The number of TUNEL-positive cells that were also stained with DAPI (excluding positive cells in vessels of sections)17 (Fig. 4E) was significantly higher for citicoline (12.66±4.29 cells) and PBS (17.42±6.94 cells) treatments than for the sham treatment (2.62±0.88 cells) in the immediate-treatment group (Fig. 4F). Similar numbers of TUNEL-positive cells were observed in the delayed-treatment group, but there was no significant difference between citicoline and PBS treatments (12.75±1.71 and 14.37±2.42, respectively)(Fig. 4G).

Discussion

In the immediate-treatment group, WM damage and apoptosis were lower for citicoline treatment than for PBS treatment. Phosphatidylcholine is a cell membrane component that is degraded during cerebral ischemia into free fatty acids and free radicals.18,20 Because citicoline is an intermediate in the synthesis of phosphatidylcholine, it might counter the progression of ischemic damage by reducing the release of free fatty acids18,20 and by recovering activities of mitochondrial ATPase and membrane Na+/K+ ATPase.18 Also, it prevents apoptosis by improving membrane recovery.19 These findings are consistent with our results. Therefore, citicoline improves memory and learning ability by reducing the number of ischemic lesions and exerting neuroprotective effects on ischemia via the above mechanisms.

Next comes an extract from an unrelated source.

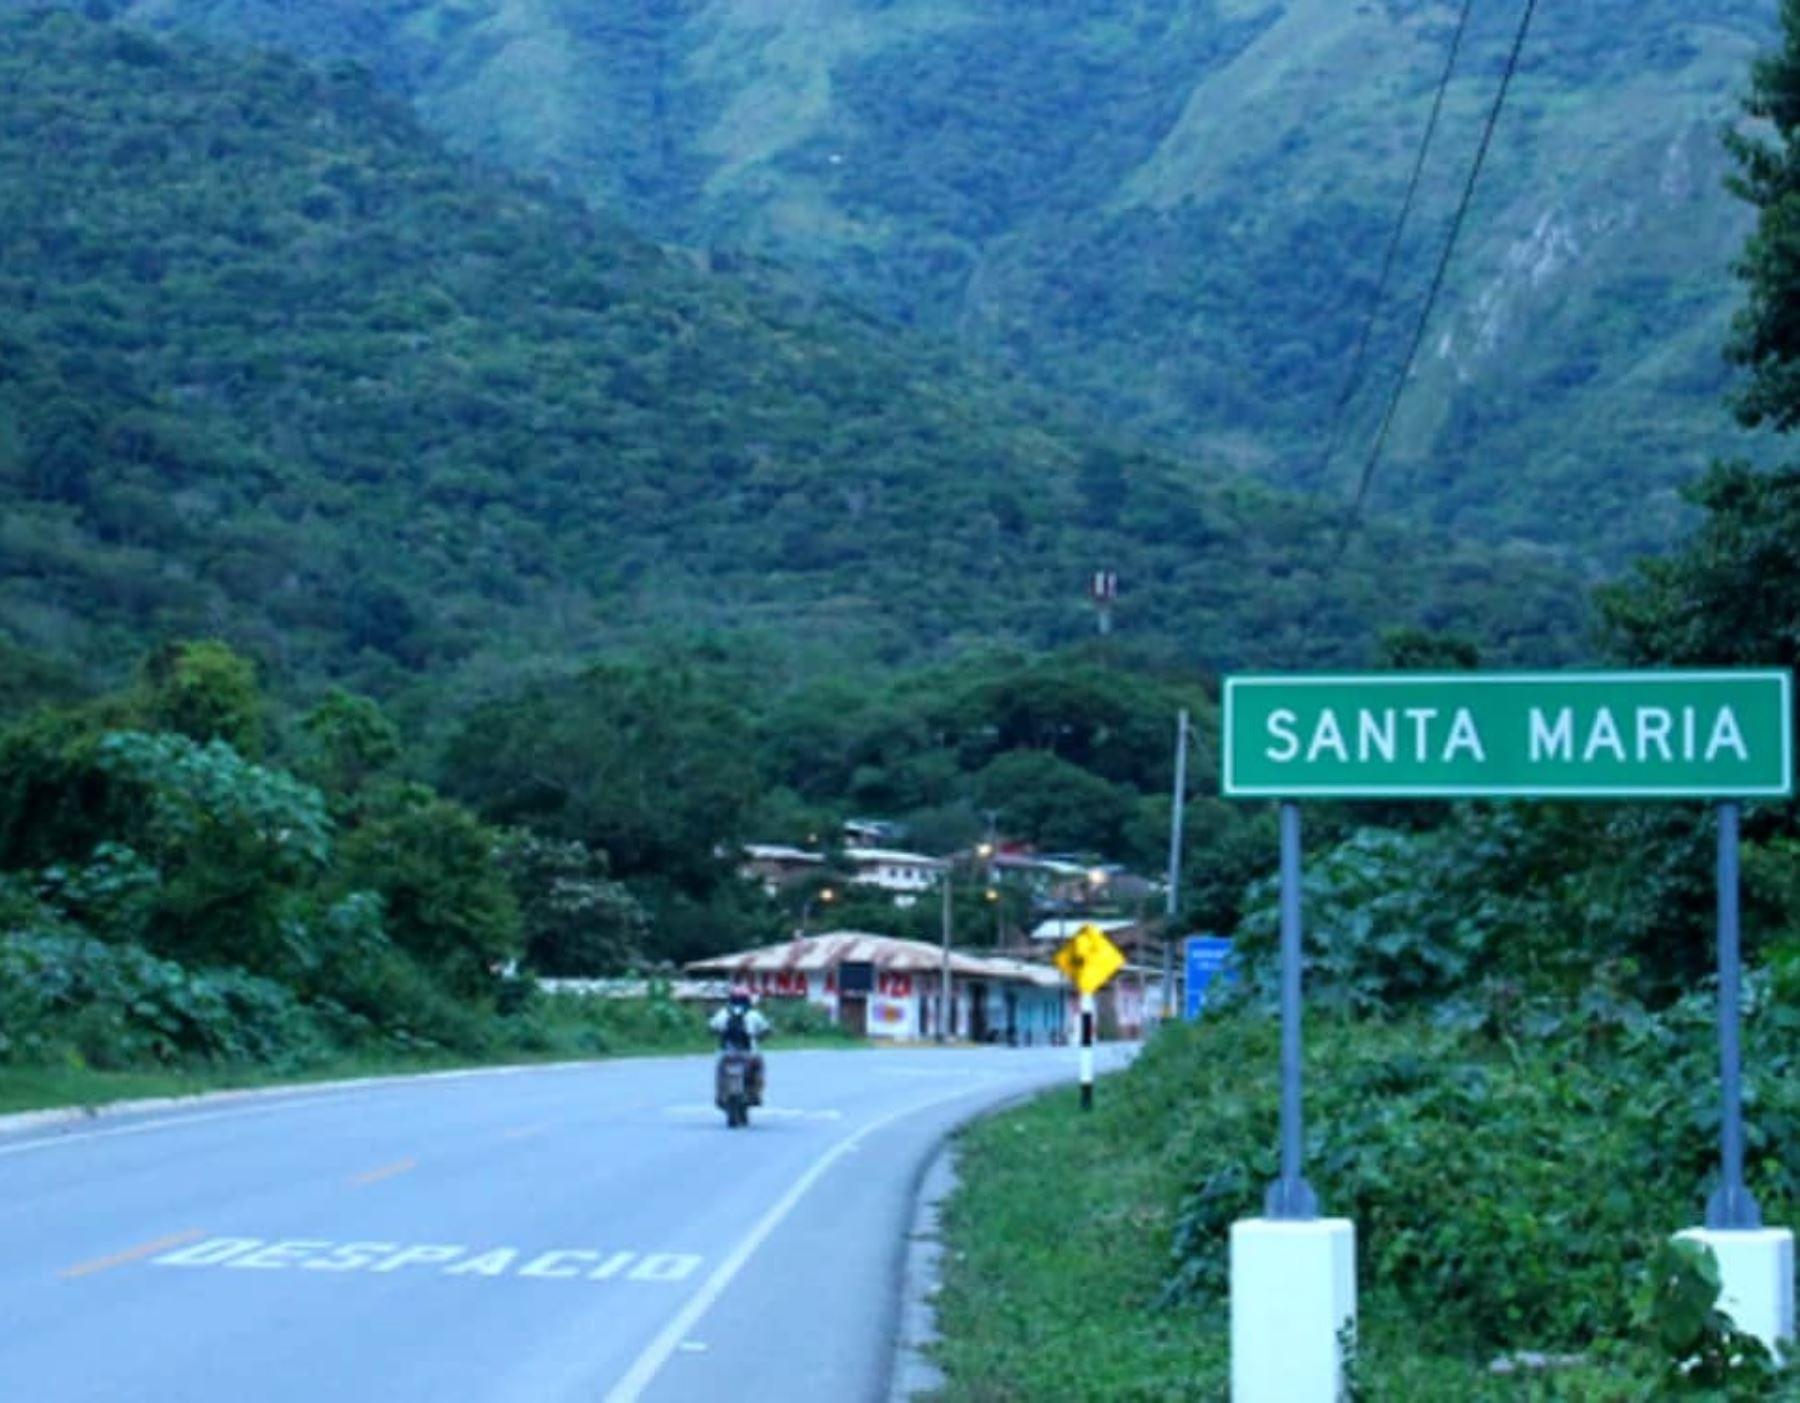 El MTC aseguró que se cumplen los plazos de licitación de la carretera Santa María-Santa Teresa-Hidroeléctrica Machu Picchu, en Cusco. ANDINA/Difusión

In the delayed-treatment group, WM lesions and apoptosis did not differ between citicoline and PBS treatments, but there was an improvement in cognitive ability. These results indicate that citicoline acts via a different mechanism in addition to neuroprotection in cognitive improvement. Although the exact mechanism of cognitive improvement is not known, citicoline might prevent cognitive impairment by increasing phospholipids, which have an important role in neurotransmission,21 and by increasing the levels of norepinephrine and dopamine,22 which are known to be neurotransmitters involved in cognition. Further study is needed to elucidate the actual mechanism.

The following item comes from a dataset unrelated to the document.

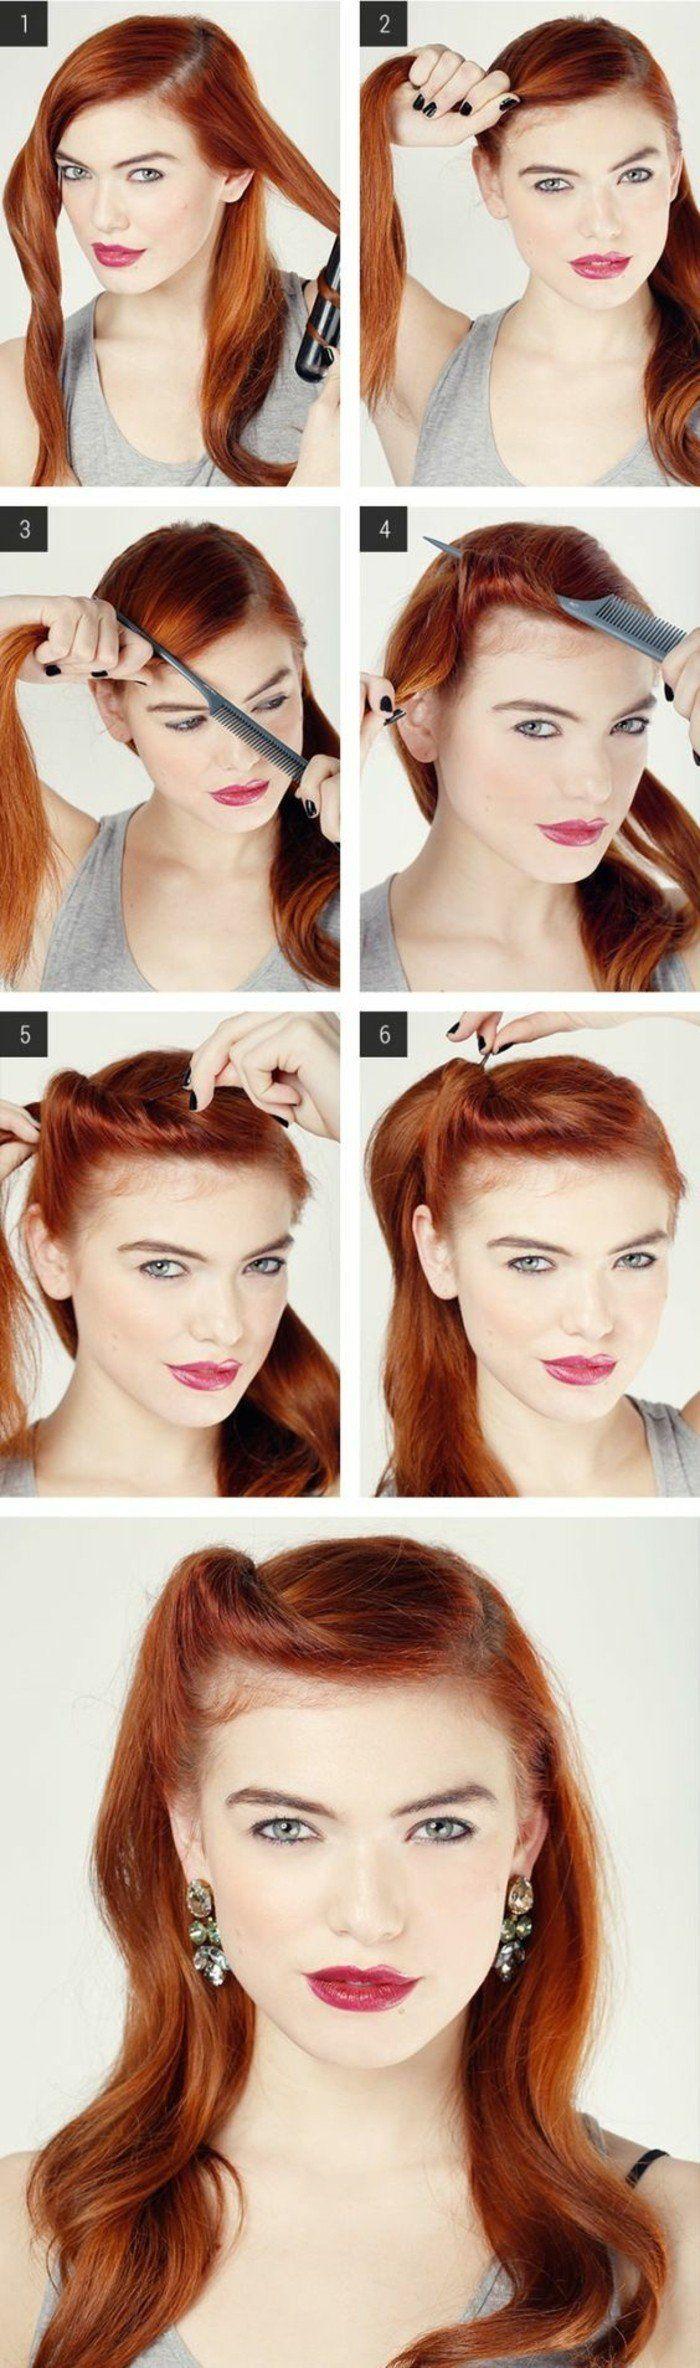 coiffure simple et rapide, cheveux rouges femme, tutoriel coiffure

Citicoline is used as an immediate treatment for neuroprotection in patients with acute stroke, but the effects of delayed treatment of citicoline on cognition have been unclear. This study confirms that delayed treatment improves the cognitive decline that is a typical symptom in dementia. Therefore, it is likely that citicoline can be applied more widely in patients with vascular dementia.